## What is needed
Only the lines from the one containing "Pictured with a" through the last line below should be written out, exactly and with both ends kept.

## Exercise data

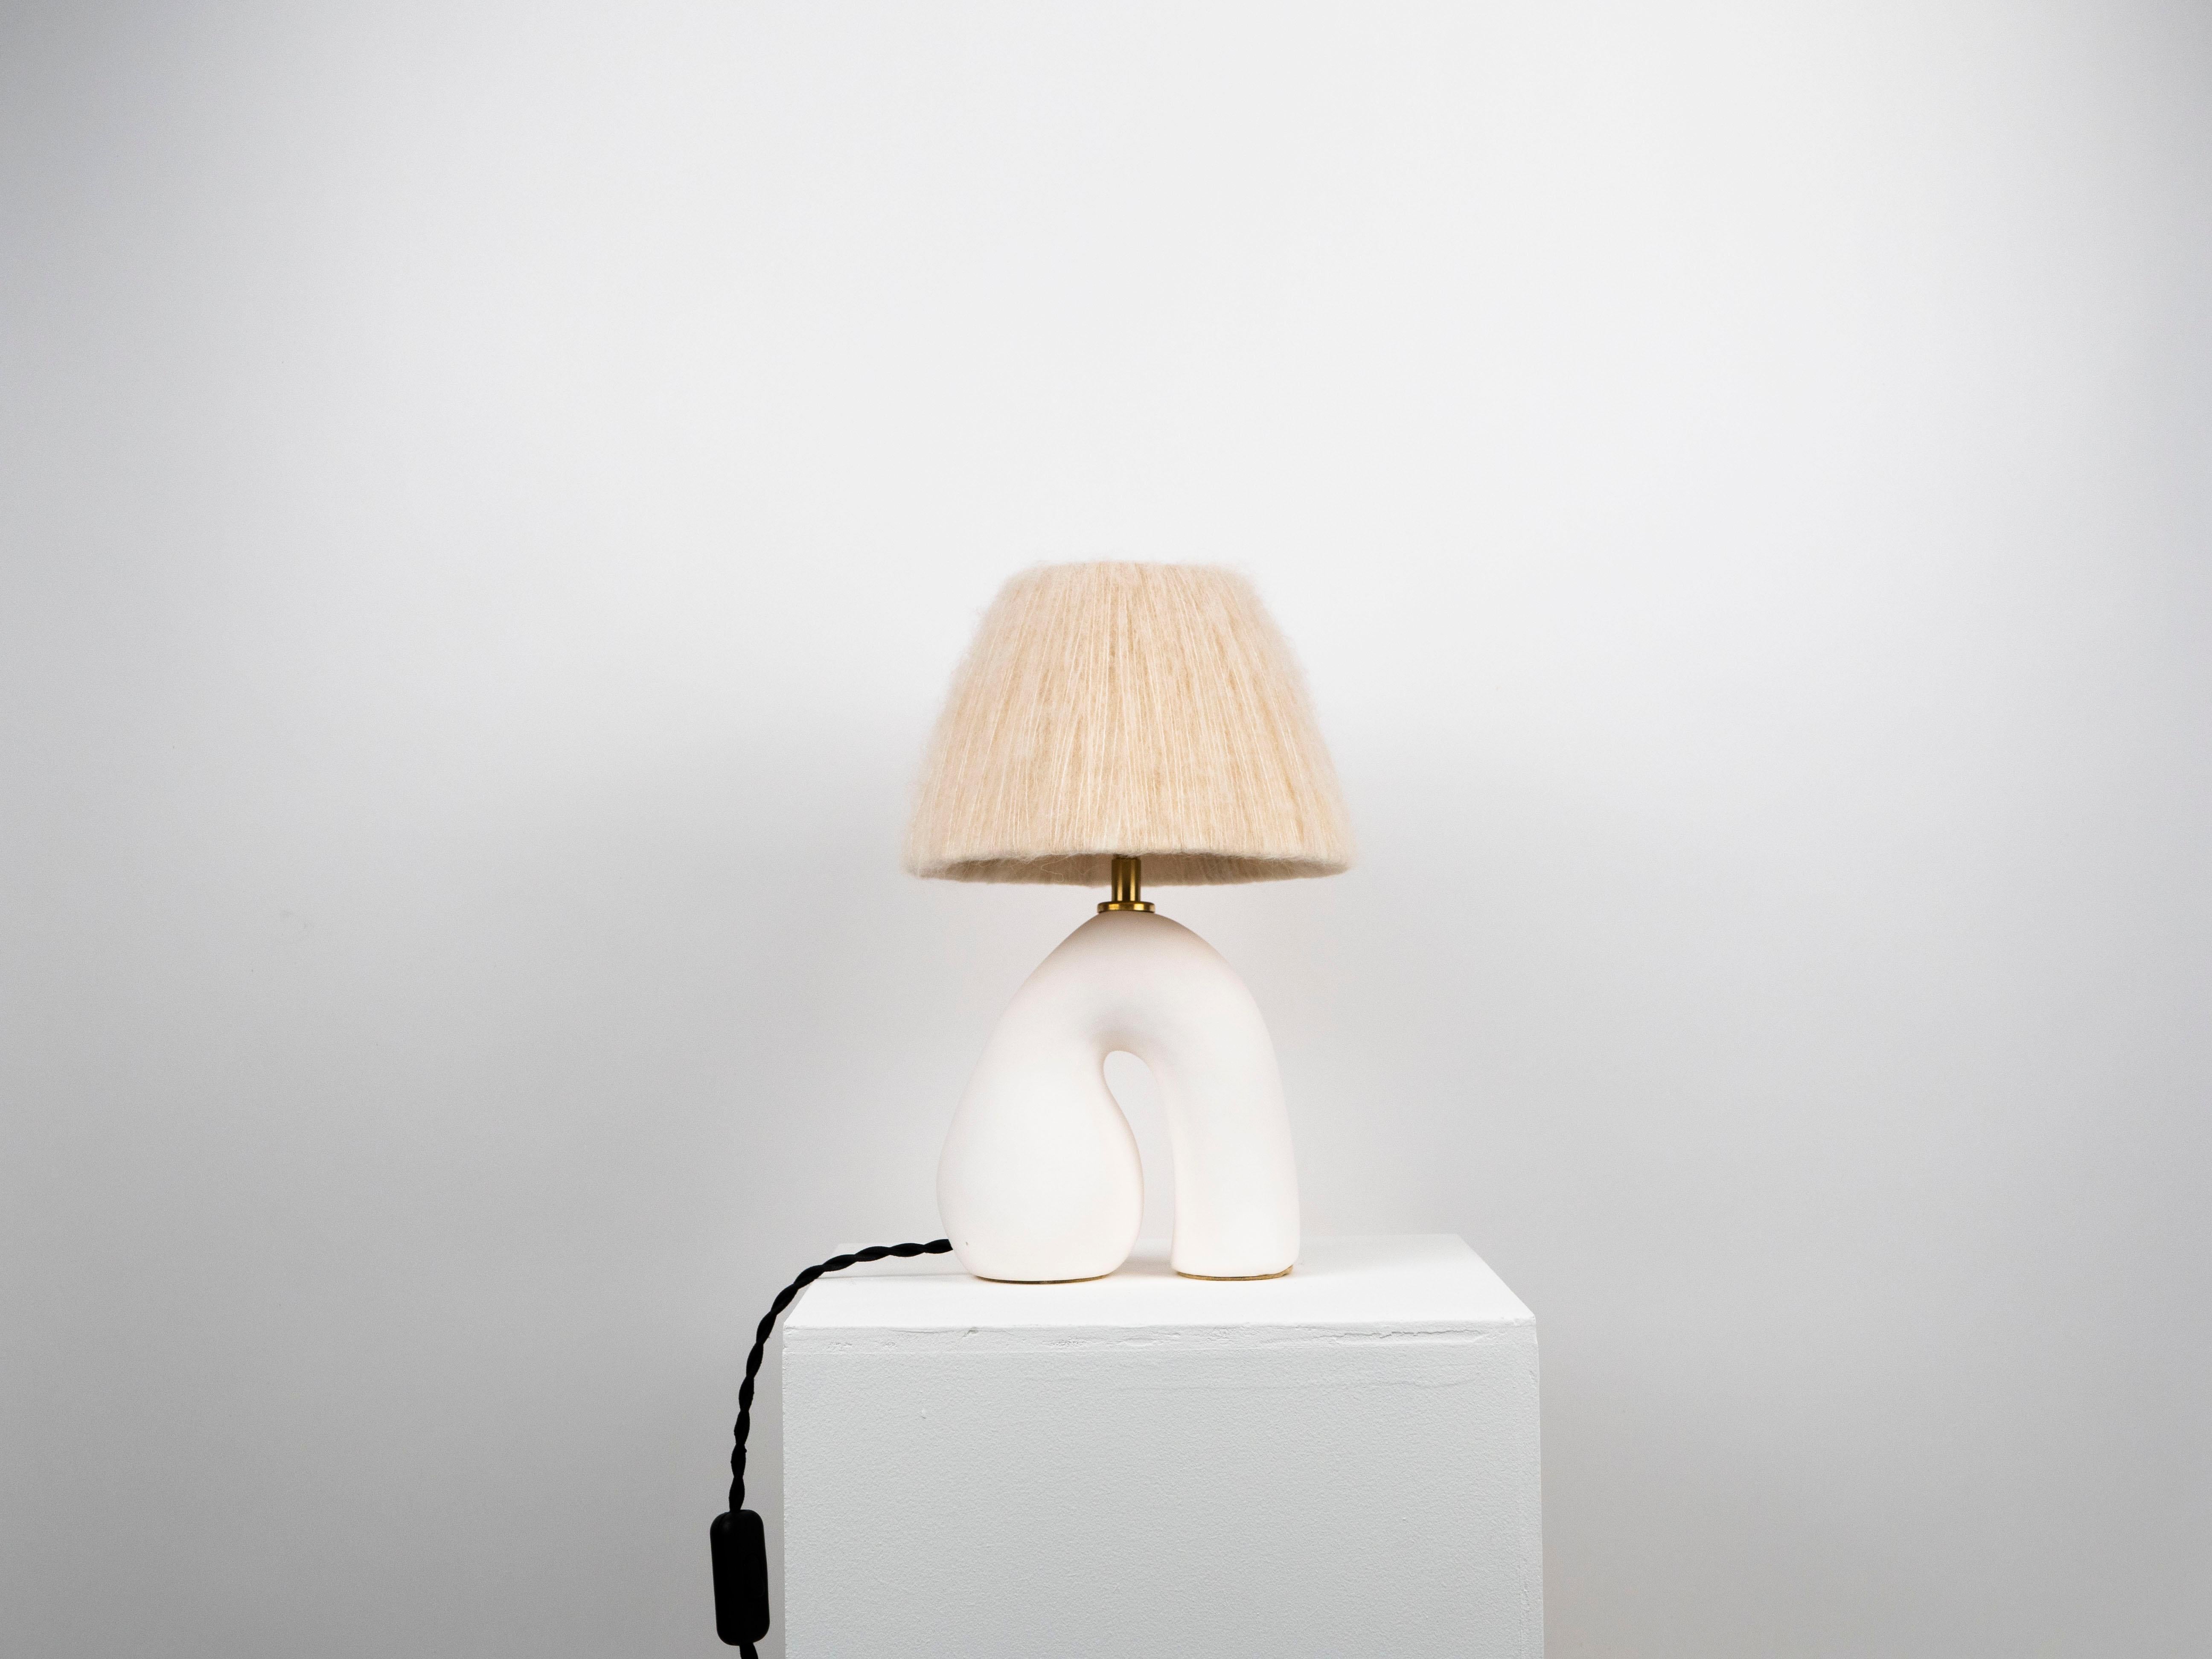 White base with a Matte finish and Cream wool shade

Lamp & Shade: 33 x 20 x 20cm 

Estimated processing time is 2 weeks from order confirmation

Pictured with a Mini Globe LED E27 Bulb. Bulb not included

To pair this base with a shade in an

## Result below
Pictured with a Mini Globe LED E27 Bulb. Bulb not included

To pair this base with a shade in an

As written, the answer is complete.